** Input follows **

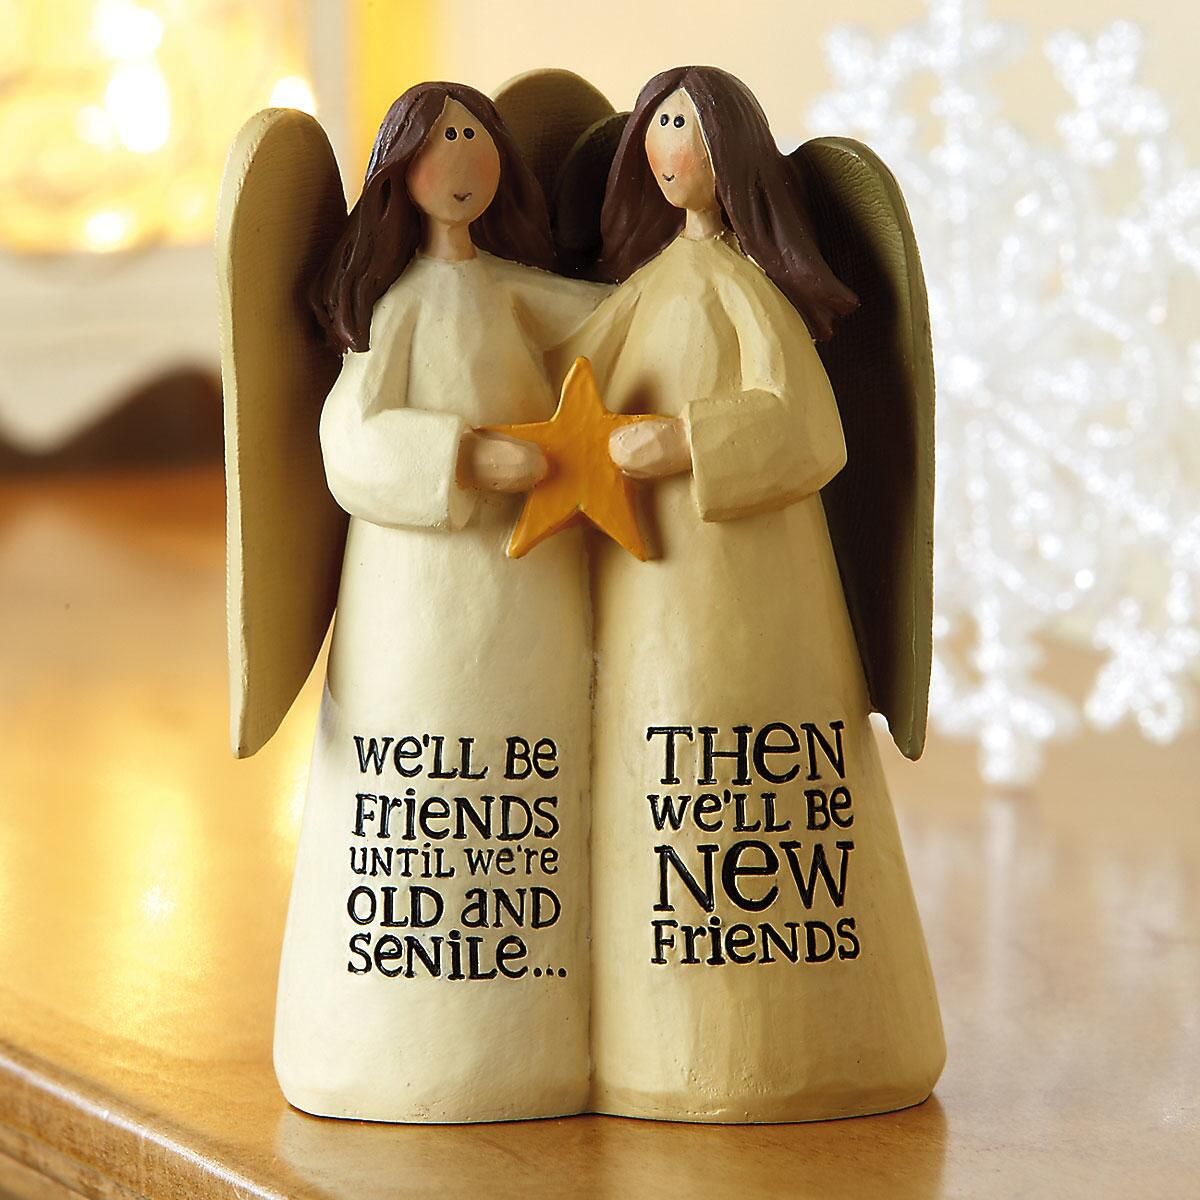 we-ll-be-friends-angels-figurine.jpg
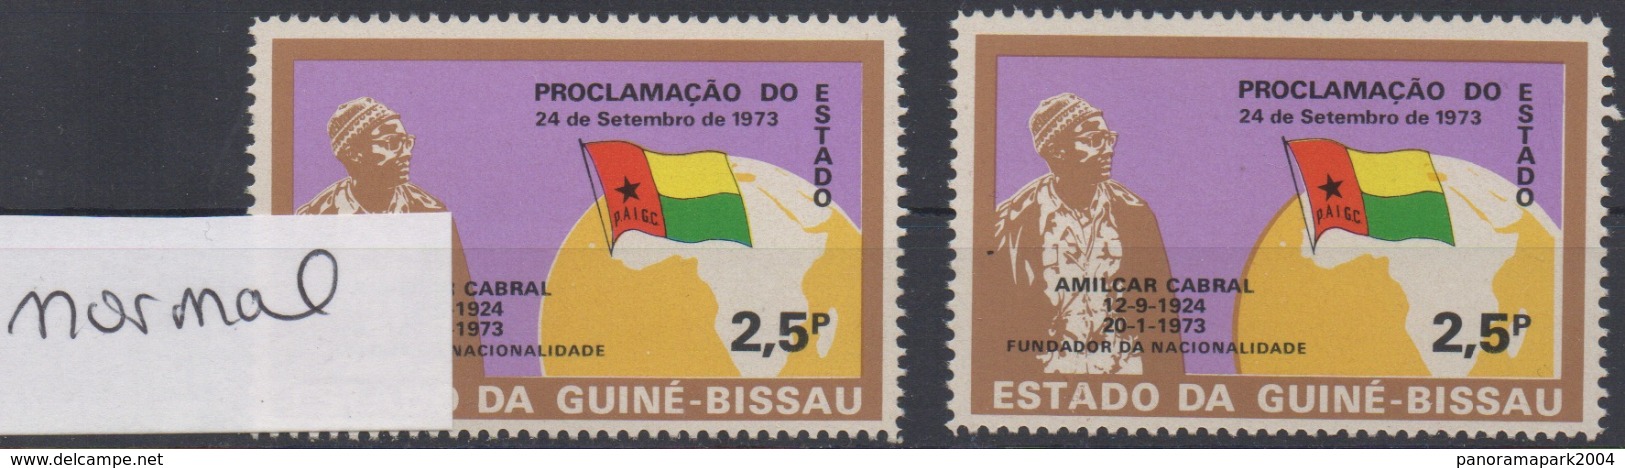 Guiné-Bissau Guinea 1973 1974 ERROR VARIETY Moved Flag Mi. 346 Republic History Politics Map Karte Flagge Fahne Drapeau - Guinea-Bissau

** End of Input **
** Input follows **

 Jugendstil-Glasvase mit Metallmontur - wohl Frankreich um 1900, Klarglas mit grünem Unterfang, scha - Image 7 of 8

** End of Input **
** Input follows **

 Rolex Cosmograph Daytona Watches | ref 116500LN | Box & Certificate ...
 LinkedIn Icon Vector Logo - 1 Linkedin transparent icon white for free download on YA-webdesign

** End of Input **

Within the listing above, the lines from the one with "we-ll-be-friends-angels-figurine.jpg" through the one with "Guiné-Bissau Guinea 1973" are to be given again word for word. Do not include pictures.

 we-ll-be-friends-angels-figurine.jpg
 Guiné-Bissau Guinea 1973 1974 ERROR VARIETY Moved Flag Mi. 346 Republic History Politics Map Karte Flagge Fahne Drapeau - Guinea-Bissau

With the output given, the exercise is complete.